In summary, saturated fats, even in significant quantities are healthful depending on their source, but perhaps not for everyone. Saturated fat increases the need for dietary choline, and in a choline and methionine deficient diet, the liver would have difficulty exporting fat (Masterjohn, 2010). Some people have a genetic defect that slows the processing of saturated fat, for example, people with the ApoE-4 gene. Less common mutations in the ApoB or ApoA gene may cause extreme elevations in blood cholesterol.
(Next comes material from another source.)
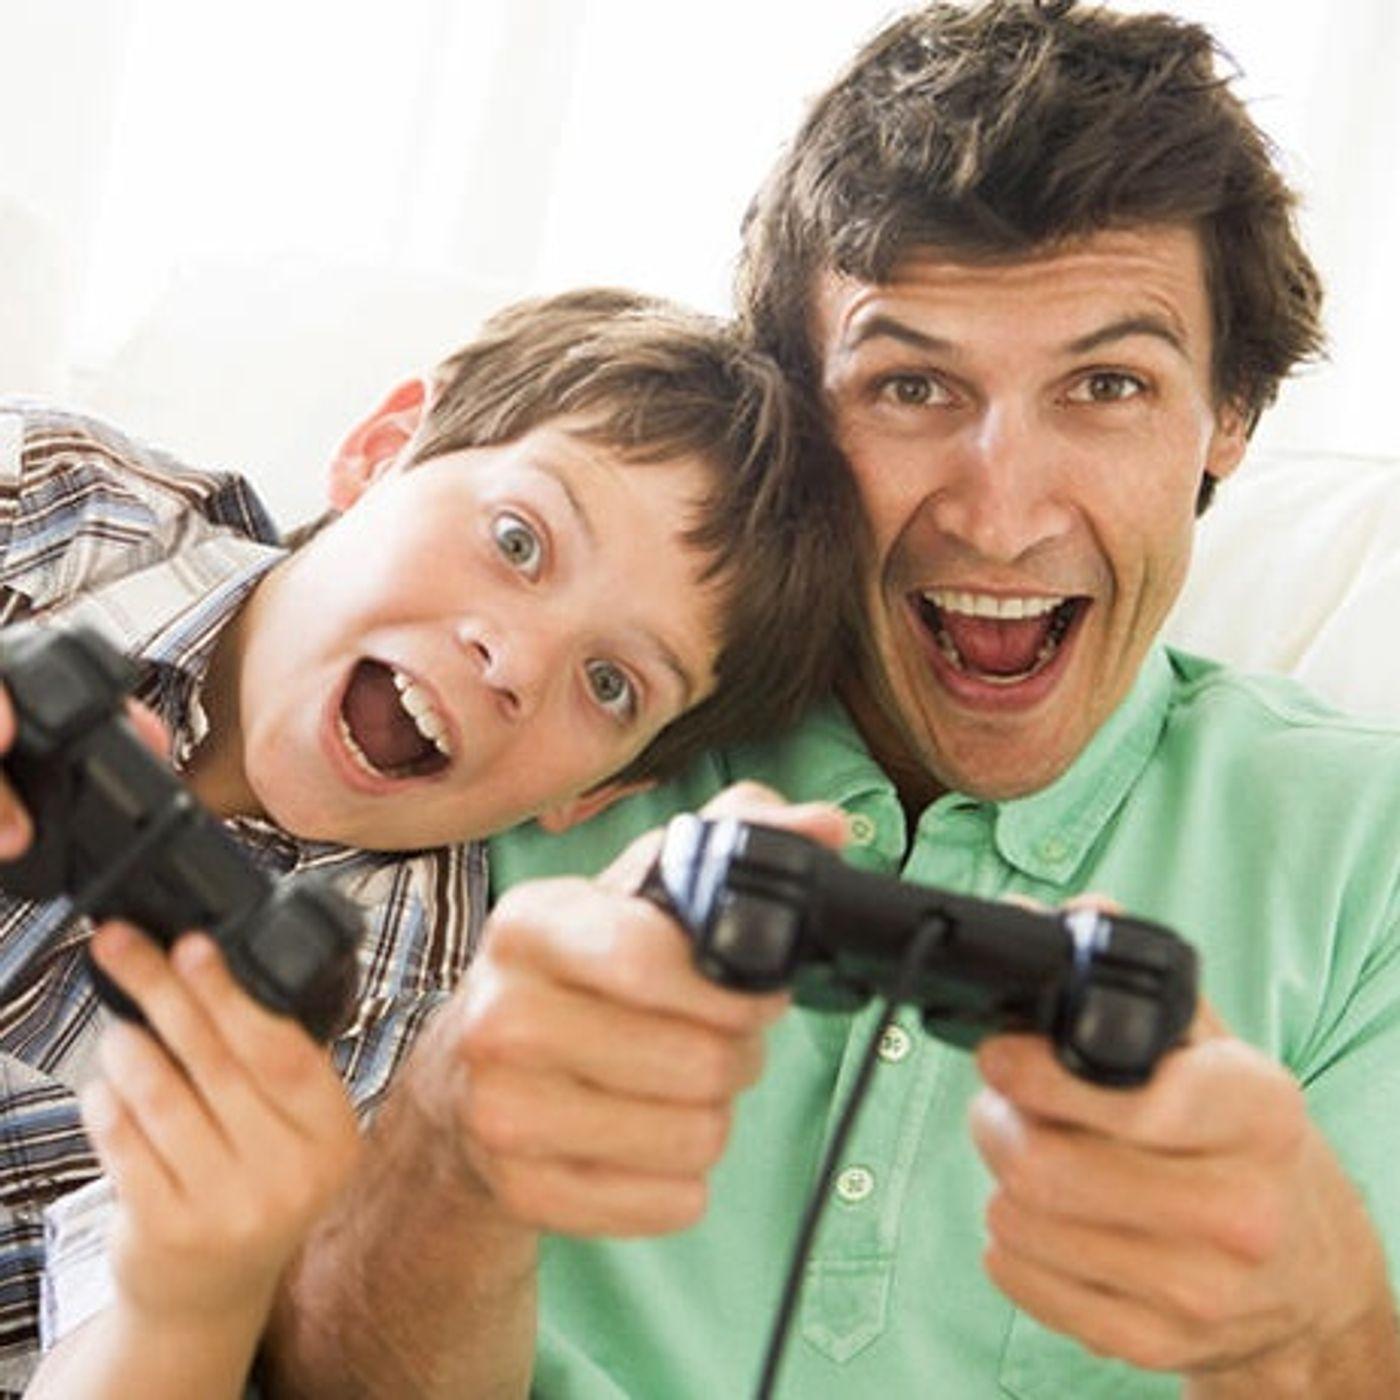 095 - PlayStation: la revolución del entretenimiento y el ocio
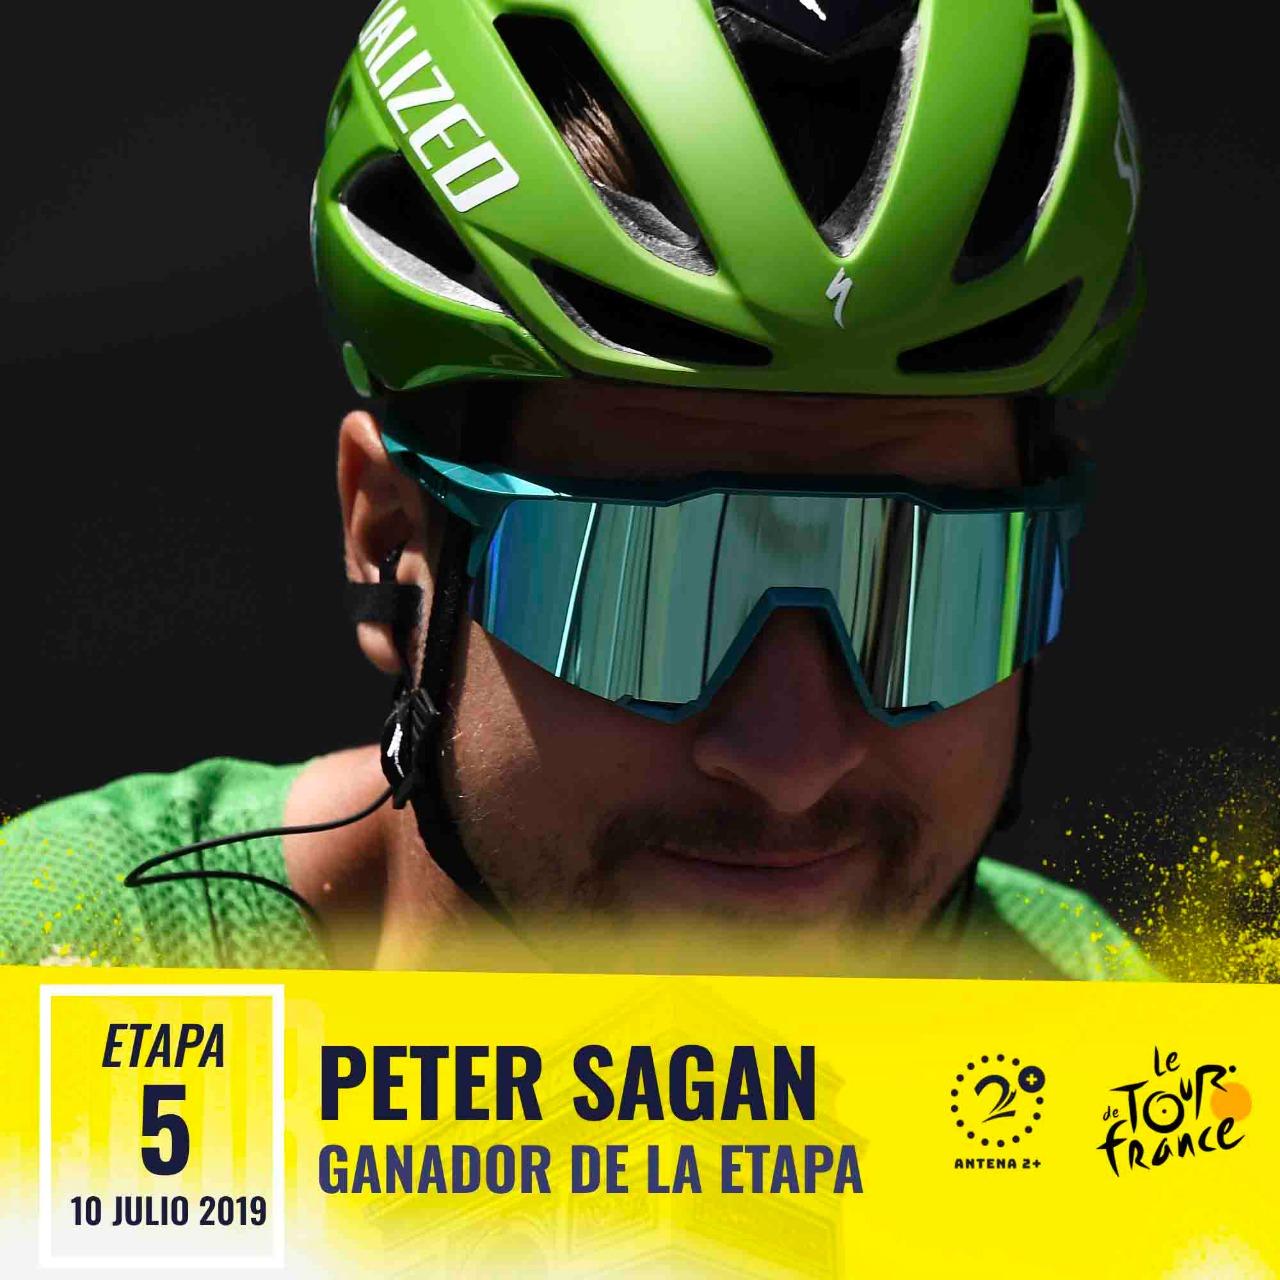 Peter Sagan fue el más rápido y ganó la quinta etapa del Tour de Francia

Variations in the FTO gene affect risk for obesity or diabetes with high saturated, low polyunsaturated fat intake. Also, saturated fat is able to transport endotoxin across the gut barrier, which could cause serious complications for people with gut disbiosis (I’ll write more about this later). Animal fats could be correlated with disease risk because animal fat consumption is the primary source of certain toxins, particularly persistent organic pollutants. But for most people, reducing saturated fat intake to attempt to change cholesterol levels is treating a symptom of the problem, and ignoring the cause.